Study: Passport Officials Fail to Match Photo with Traveler 15% of Times

Study: Passport Officials Fail to Match Photo with Traveler 15% of Times

This article originally ran in the Daily Mail:

Thousands of travellers holding fake passports could be entering countries freely as a new study suggests that officers are no better than the average person at recognising whether a passport photo does not match the person displaying it. 

A sample of Australian passport office staff were shown a photo of a person on a screen and then asked if that was the same as the person in front of them.

In 15 per cent of the cases the staff replied yes, although the person in the photo was a completely different individual.

The study, conducted by researchers at the universities of Aberdeen, York and New South Wales, Australia and published in the scientific journal PLOS ONE, suggests that a single passport photo may not be enough for security systems to be accurate. 

Dr Rob Jenkins, from York University, said that the level of human error at the Australian passport office was ‘striking’ and that it could be reasonable to expect the same level of error at UK passport control.

He said: ‘At this scale, an error rate of 15 per cent would correspond to the admittance of several thousand travellers bearing fake passports.’

Professor Mike Burton, from Aberdeen University, said psychologists had identified around a decade ago that in general people were not very good at matching a person to an image on a security document – but this research proved that this also applied to passport controls. 

Burton said: ‘Familiar faces trigger special processes in our brain – we would recognise a member of our family, a friend or a famous face within a crowd, in a multitude of guises, venues, angles or lighting conditions. 

‘But when it comes to identifying a stranger it’s another story. 

‘The question we asked was does this fundamental brain process that occurs have any real importance for situations such as controlling passport issuing, and we found that it does.’

In a second test, the passport officers were asked to match current face photos to images taken two years ago.

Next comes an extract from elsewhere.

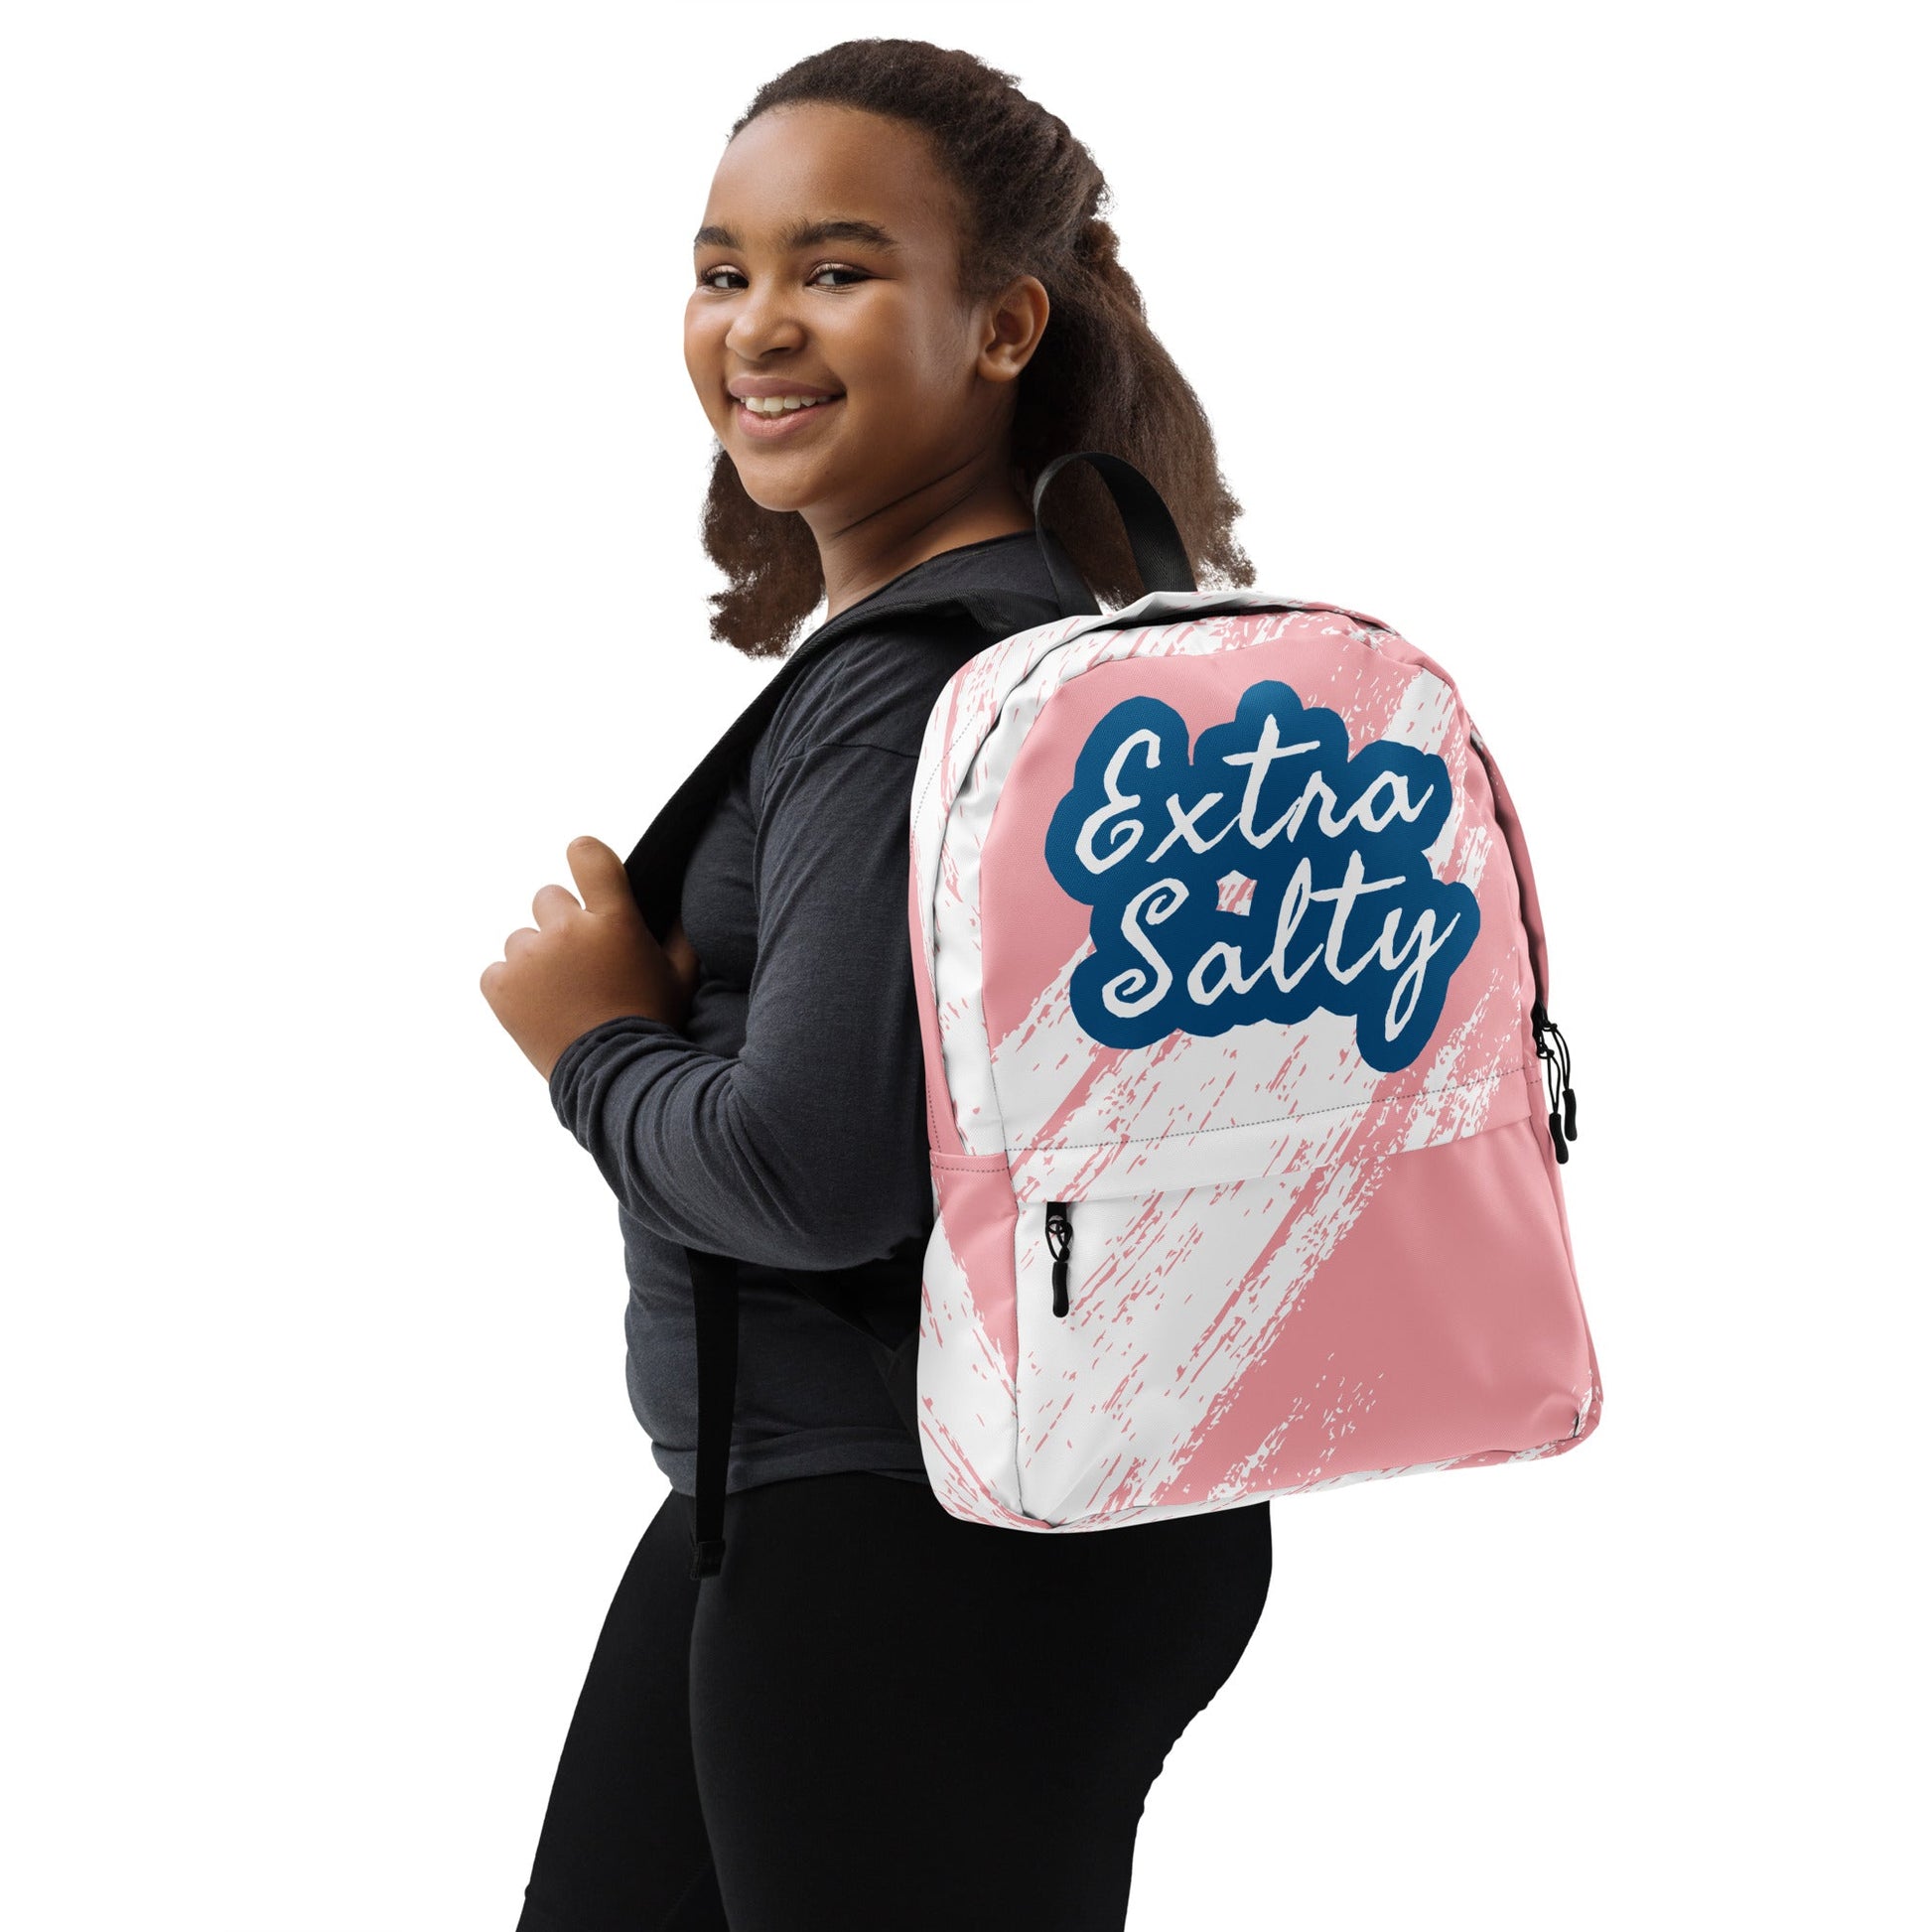 "Extra Salty" Backpack - The Nerd Supply Company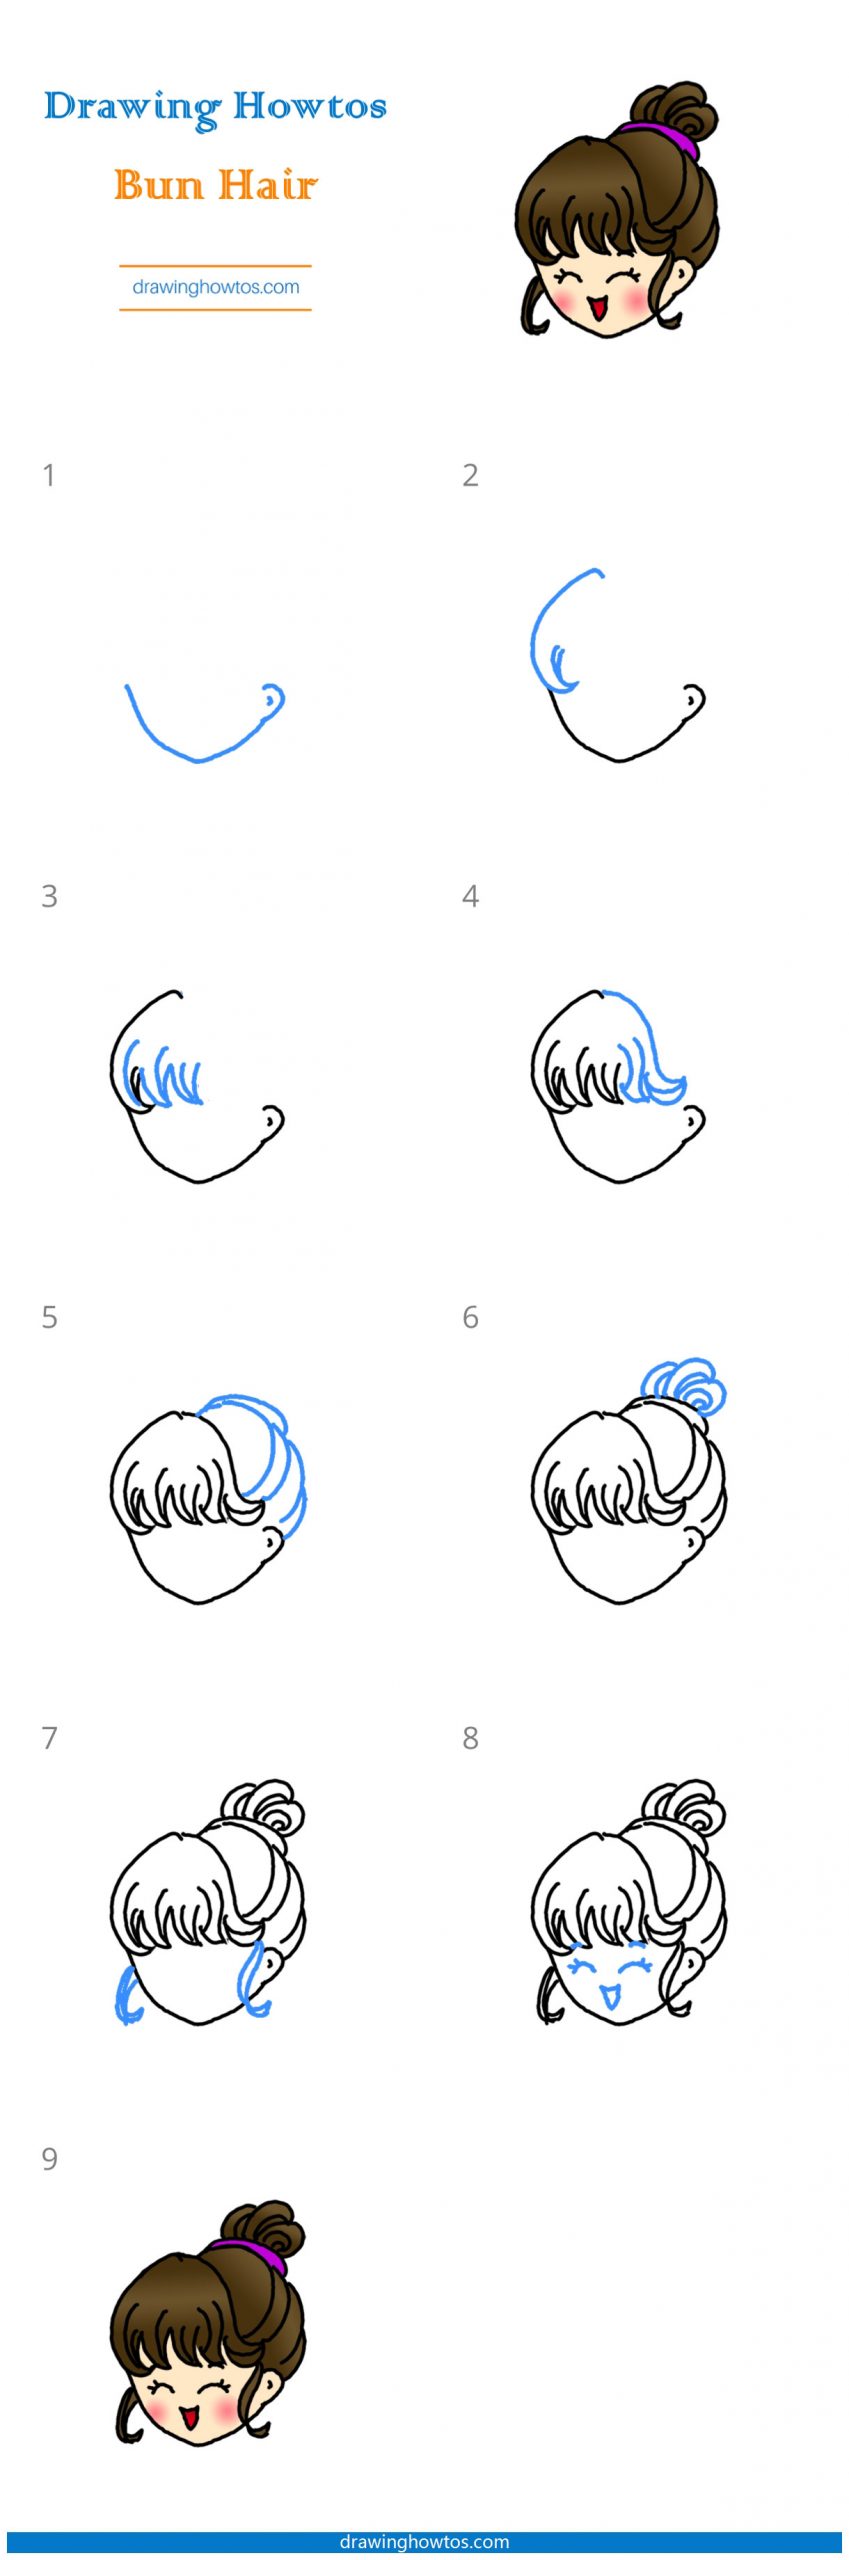 How to Draw Hair in a Bun Step by Step

Error rates on this task rose to 20 per cent – the same result as a group of untrained student volunteers who were also tested. 

Prof Burton said that being able to face-match people could be an innate skill rather than something that people can learn with training. 

He said: ‘It seems that it is a fundamental brain process and that some people are simply more adept at it than others. 

‘Our conclusion would be that focusing on training security staff may be ploughing efforts in the wrong direction.’